JPS6034779B2 - Manufacturing method of magnetron anode - Google Patents

Description

DETAILED DESCRIPTION OF THE INVENTION The present invention relates to a method for manufacturing a magnetron anode.

In microwave oven magnetrons, thick-walled copper (Cu) is used as the anode cylinder.This is generally done by cutting the largest cylindrical material to the required length, and shaping the inner and outer surfaces and both opening ends into a predetermined shape. It is formed by processing such as cutting.

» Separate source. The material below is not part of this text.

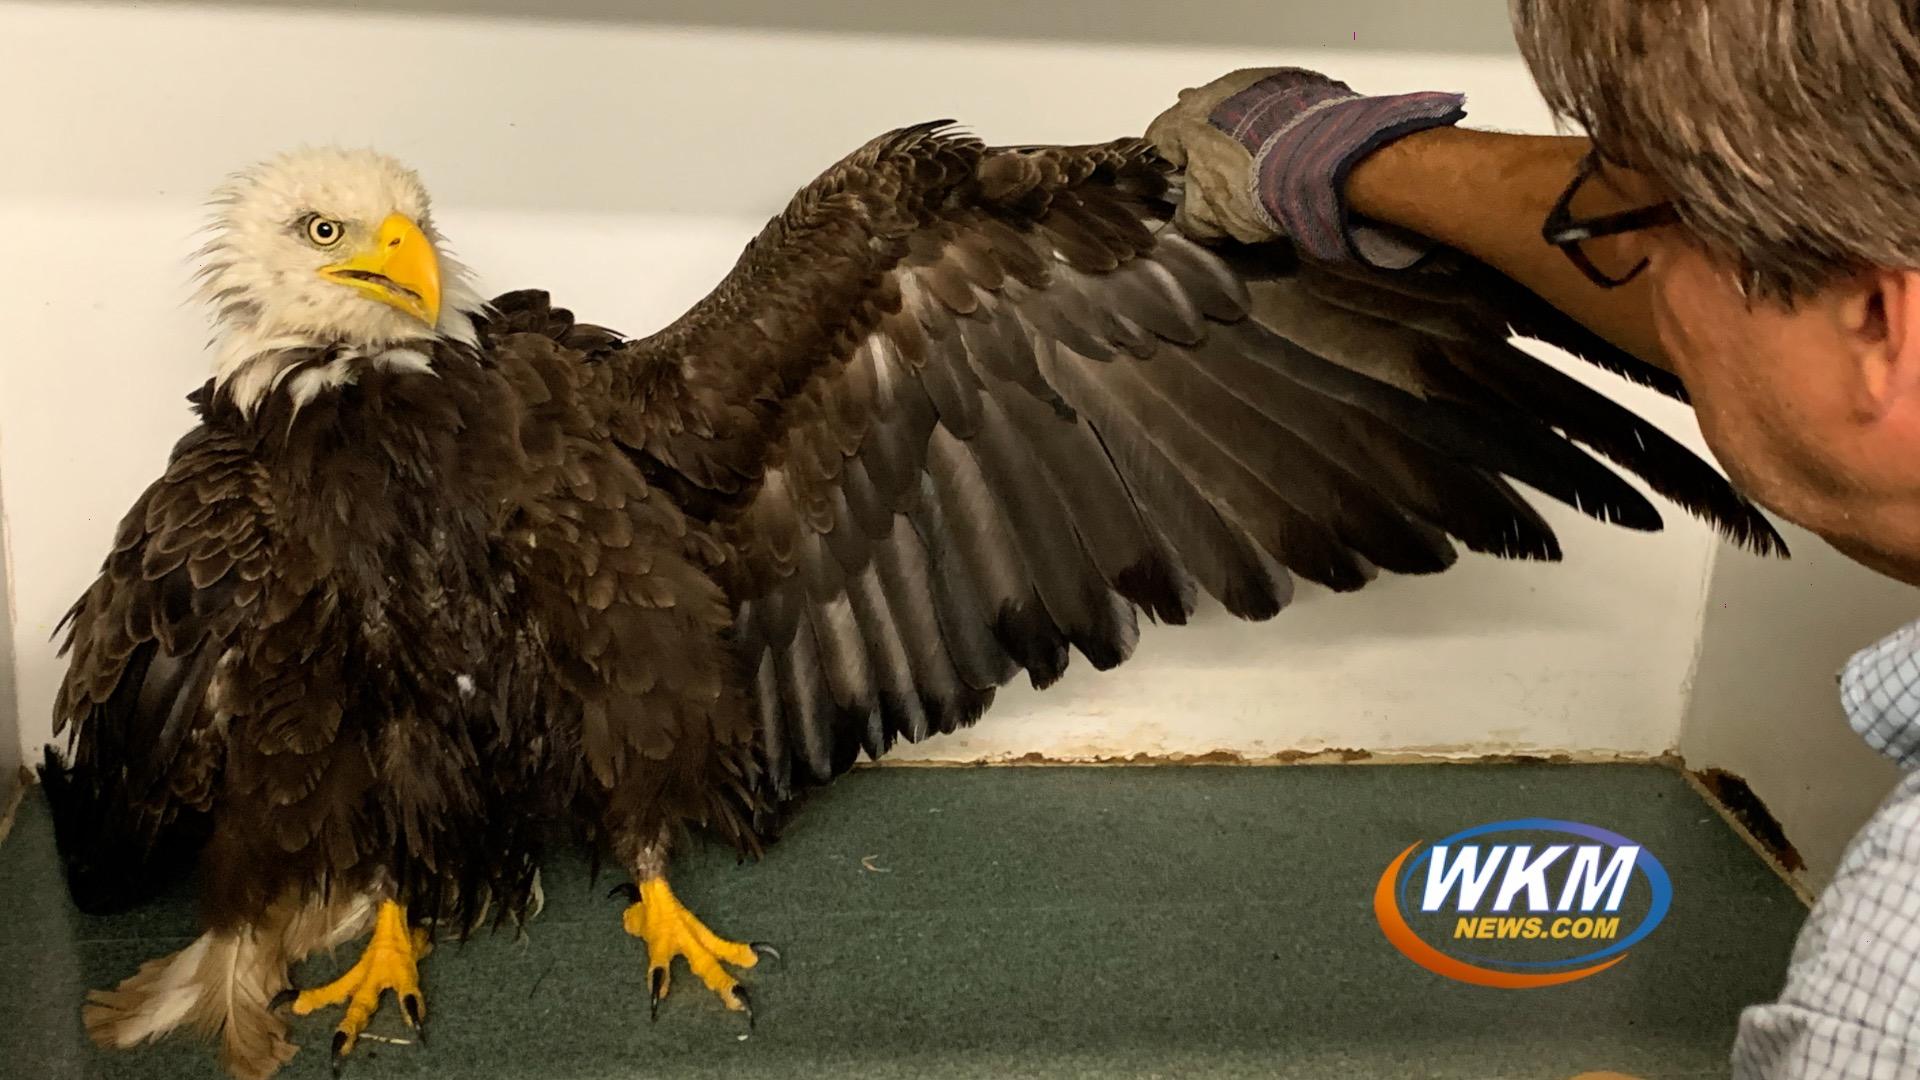 DNR Releases Rehabilitated Bald Eagle at Hardy Lake

However, processing from such a cylindrical material is
It takes a lot of labor to manufacture the cylindrical material itself, and if the dimensional accuracy of the cylindrical material is low, it has to be finished to the outer dimensions required for magnetron anodes, which results in an undesirable increase in product price. The current situation is that it is high. Therefore, it has already been proposed to form an anode for a magnetron into a cylindrical shape by rounding a flat material and butt-joining both ends. It is extremely effective in reducing product costs because it is possible to make the cylinder diameter and control the plate thickness at the same time during rounding.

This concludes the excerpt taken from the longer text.